Because of the variable λ in this matrix, Gaussian elimination (a numerical technique) is of limited value in calculating this determinant. However, since you are dealing with a 3x3 matrix, there is an algorithm (the Rule of Sarrus) which allows one to calculate the determinant with a fair amount of algebra involved.

http://en.wikipedia.org/wiki/Rule_of_Sarrus

http://en.wikipedia.org/wiki/Characteristic_polynomial

 

[question dude]

The three values what? You didn't finish the sentence.



Why don't you just write down $A -\lambda I$ for your original matrix and calculate its determinant?

The three values I was referring to, are the ones in the matrix: A - I*lamda

they're located in the same positions are the three values I've circled for matrix: A

I know I have to get them to zero, right?

 

[question dude]

If you have two things to 'zero out' in column 1, you need to do two row-subtractions---one for row 2 and another for row 3. I am very, very surprised that you have not seen this before!

but there's two values in row 3 that I need to get to zero

I can't make a subtraction that would get them both to zero, because they're not the same values

However, I would urge you to NOT start in row 1, because you will obtain rational (not polynomial) values in columns 2 and 3. (Can you see why?) Better: interchange rows 1 and 2 (say), then start with the new row 1---that is, you will be adding or subtracting multiples of 3 to make zeros.

sorry I can't see why

 

[LCKurtz]

The three values I was referring to, are the ones in the matrix: A - I*lamda

they're located in the same positions are the three values I've circled for matrix: A

I know I have to get them to zero, right?

Like I asked before, why don't you just write down $A-\lambda I$ and take its determinant?

Also, I don't see any $\lambda$'s in your matrix, so it isn't $A-\lambda I$ in the first place.

 

[question dude]

The usual method to find the characteristic polynomial of a matrix is to first form the matrix (A - Iλ)

Because of the variable λ in this matrix, Gaussian elimination (a numerical technique) is of limited value in calculating this determinant. However, since you are dealing with a 3x3 matrix, there is an algorithm (the Rule of Sarrus) which allows one to calculate the determinant with a fair amount of algebra involved.

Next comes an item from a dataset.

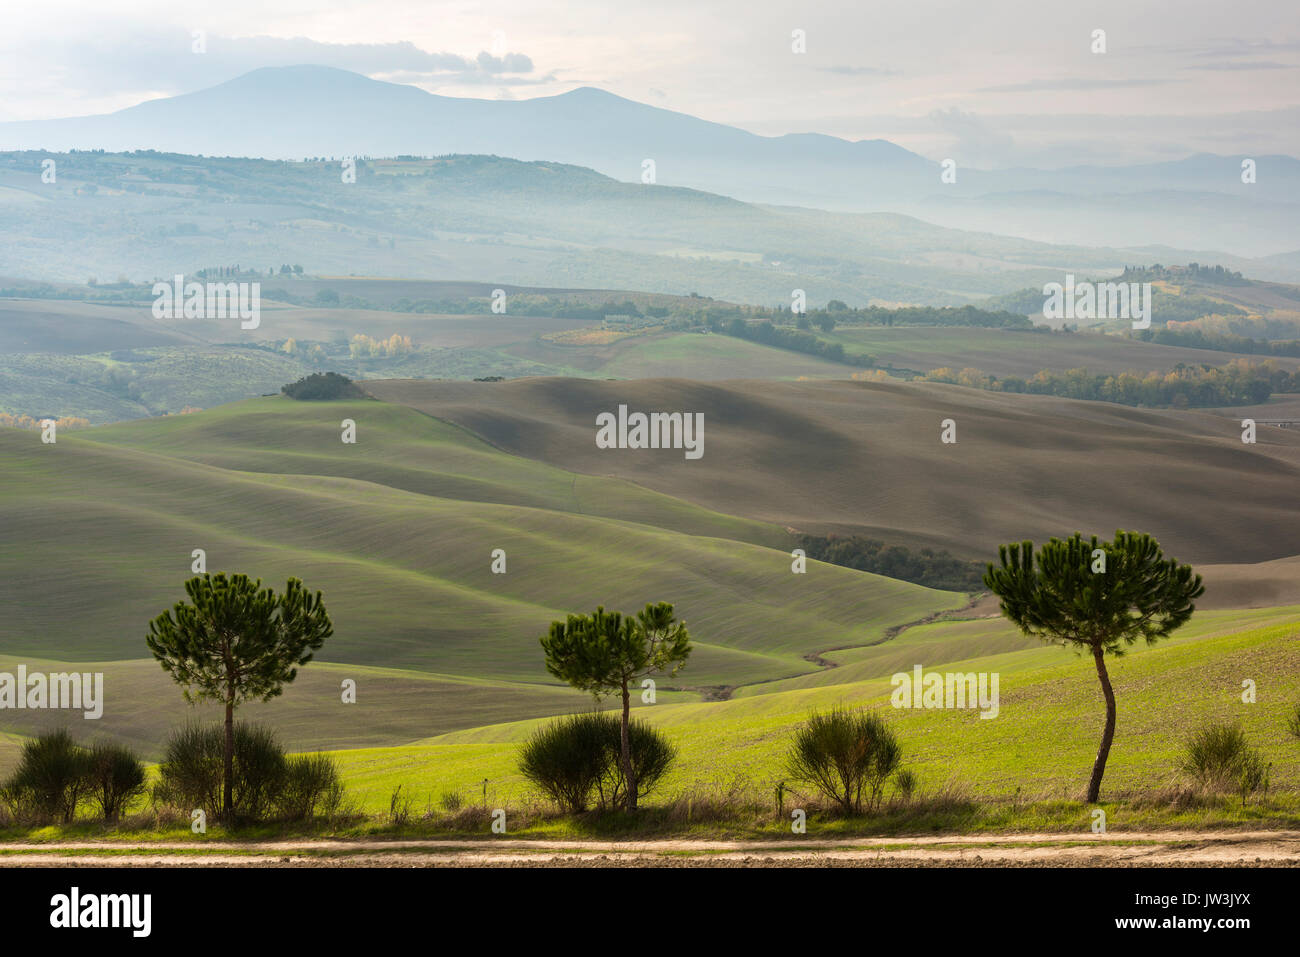 Trois arbres verts et des différentes couches de vert et de gris Toscane hills de disparaître dans la brume Banque D'Images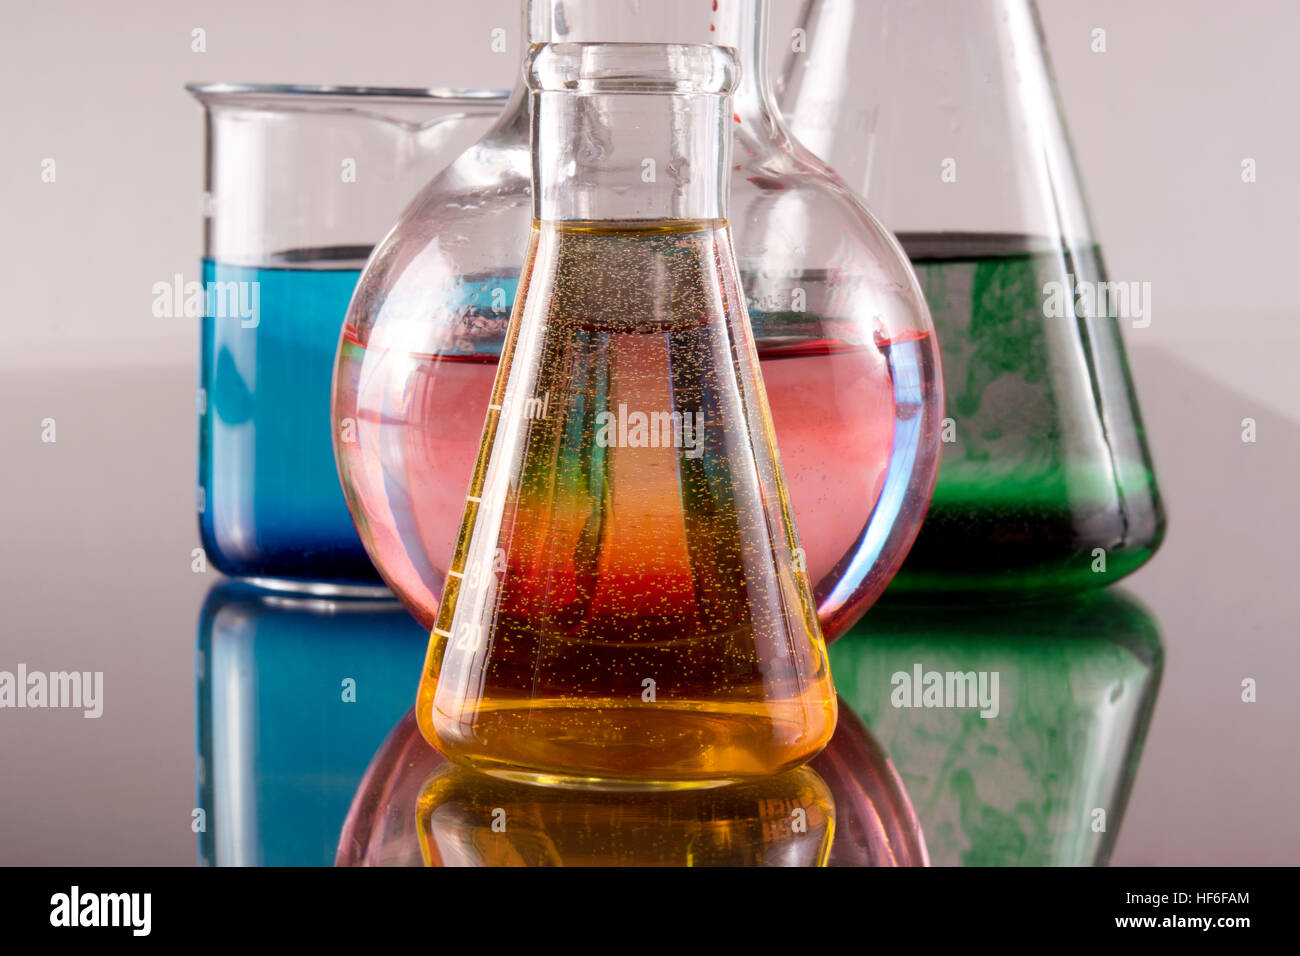 Résumé de chimie produits chimiques colorés et verrerie Banque D'Images

http://en.wikipedia.org/wiki/Rule_of_Sarrus

http://en.wikipedia.org/wiki/Characteristic_polynomial

seems like a decent method, never come across it before though

is there any significance to the values next to each of 'a' in the matrix shown in your first link?

 

[question dude]

Like I asked before, why don't you just write down $A-\lambda I$ and take its determinant?

Also, I don't see any $\lambda$'s in your matrix, so it isn't $A-\lambda I$ in the first place.

the matrix I posted in the pic inb my 1st post was for matrix A, not (A - I*lamda)

I've done what you've suggested, by writing down A - I*lamda, its basically the same as matrix A, except for the three values in the central diagonal, they each have '- lamda'

I'm trying to calculate the determinate of A - I*lamda by using guassian elimination

 

[LCKurtz]

the matrix I posted in the pic inb my 1st post was for matrix A, not (A - I*lamda)

I've done what you've suggested, by writing down A - I*lamda, its basically the same as matrix A, except for the three values in the central diagonal, they each have '- lamda'

I'm trying to calculate the determinate of A - I*lamda by using guassian elimination

OK then. I thought from your OP you were asking about reducing $A$, which seemed irrelevant. Both methods should work on $A-\lambda I$ if your arithmetic skills are good.

 

[SteamKing]

seems like a decent method, never come across it before though

is there any significance to the values next to each of 'a' in the matrix shown in your first link?

The values next to the 'a' entries represent the row and column indices of that matrix element.
For instance, a21 tells you this represents the element at row 2, column 1 of the matrix.

This is basic stuff. How much do you know about matrix algebra?